» **DATASET SECTION**:
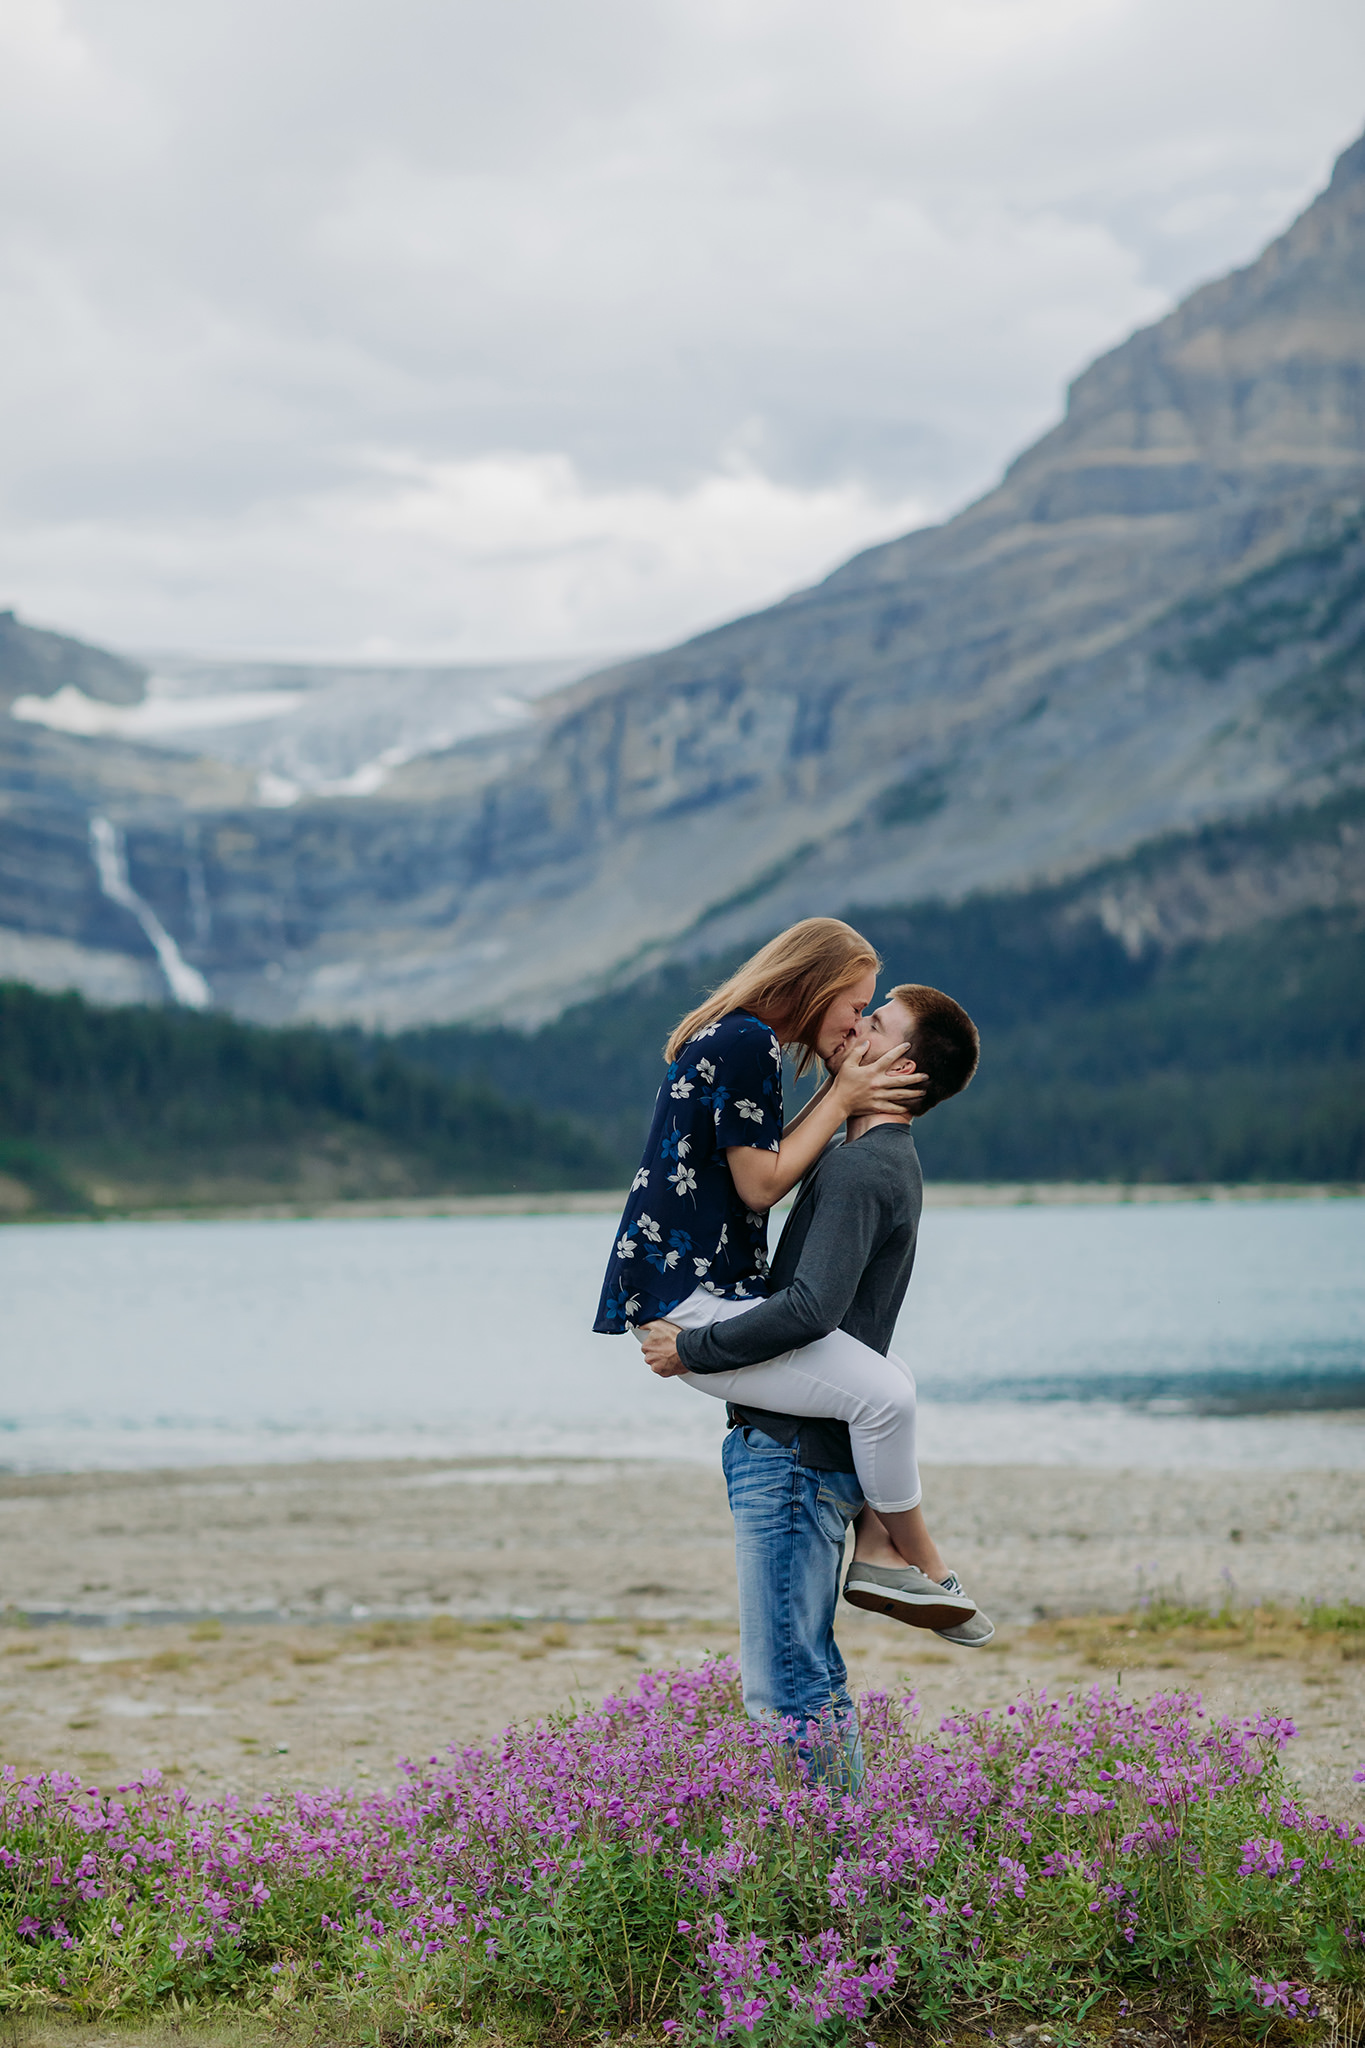 Bow Lake summer engagement photography session along Icefields Parkway in Banff National Park photographed by local engagement & elopement photographer ENV Photography
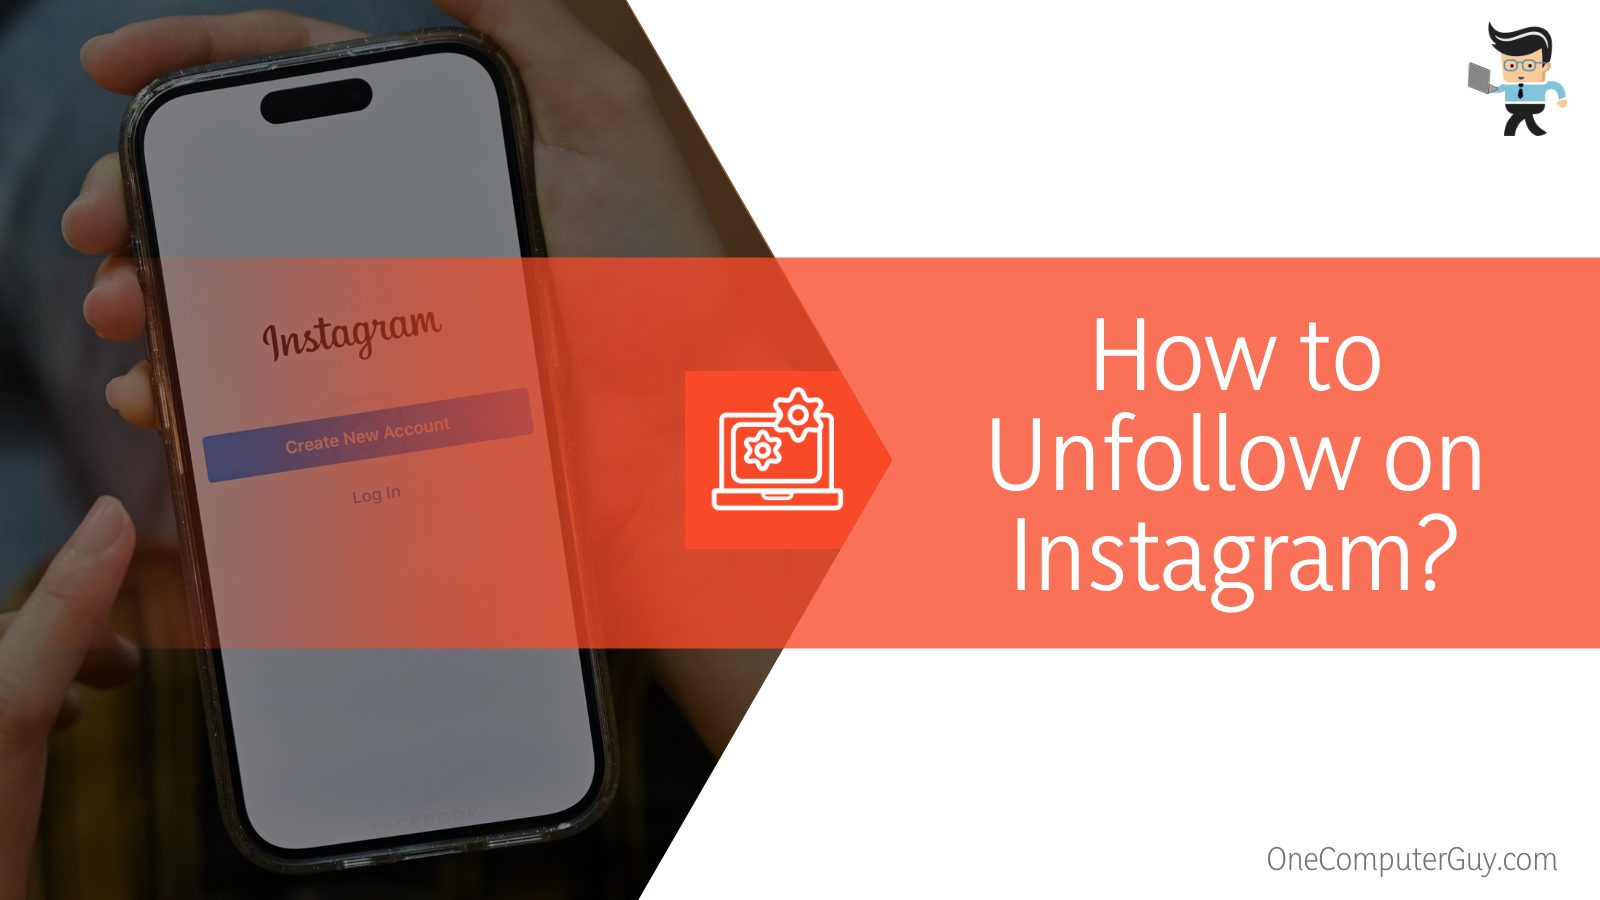 How to Unfollow on Instagram
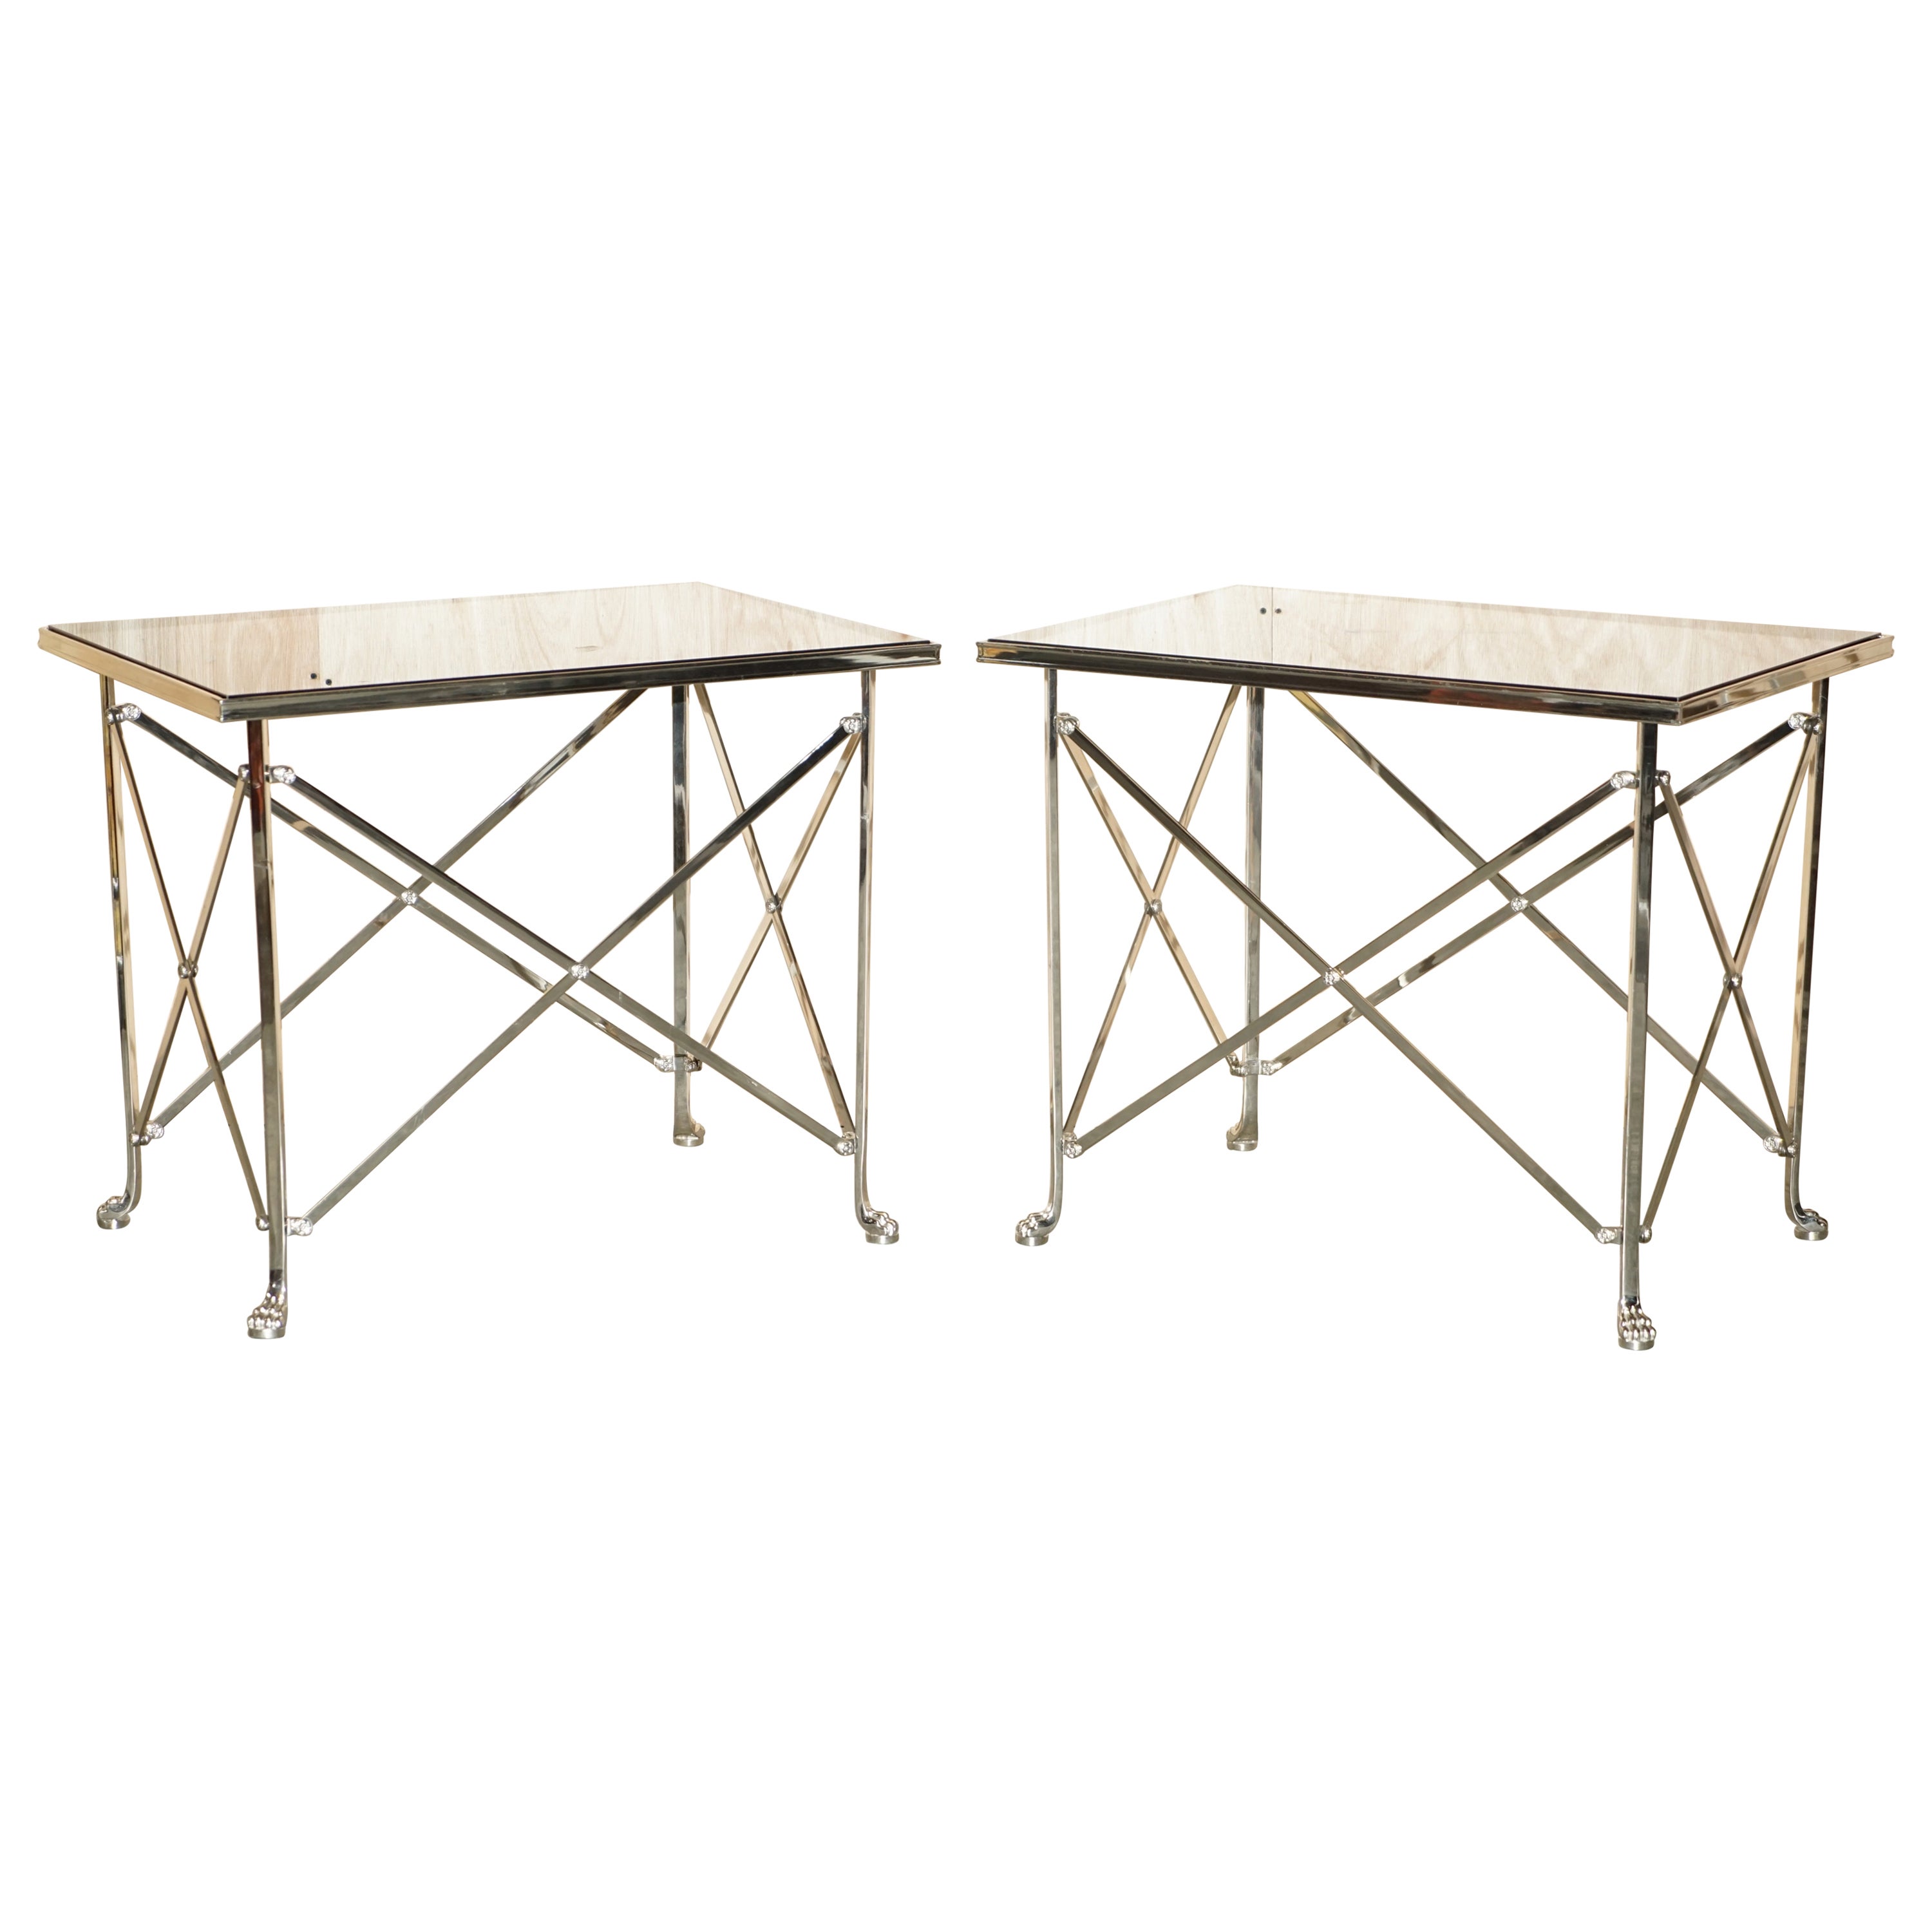 Pair of Ralph Lauren Bel Air Console Tables with Lions Paw Feet & Glass Tops

» **TASK INSTRUCTIONS**:
The copy should match each line above exactly and contain no images.

» **SOLUTION BELOW**:
 Bow Lake summer engagement photography session along Icefields Parkway in Banff National Park photographed by local engagement & elopement photographer ENV Photography
 How to Unfollow on Instagram
 Pair of Ralph Lauren Bel Air Console Tables with Lions Paw Feet & Glass Tops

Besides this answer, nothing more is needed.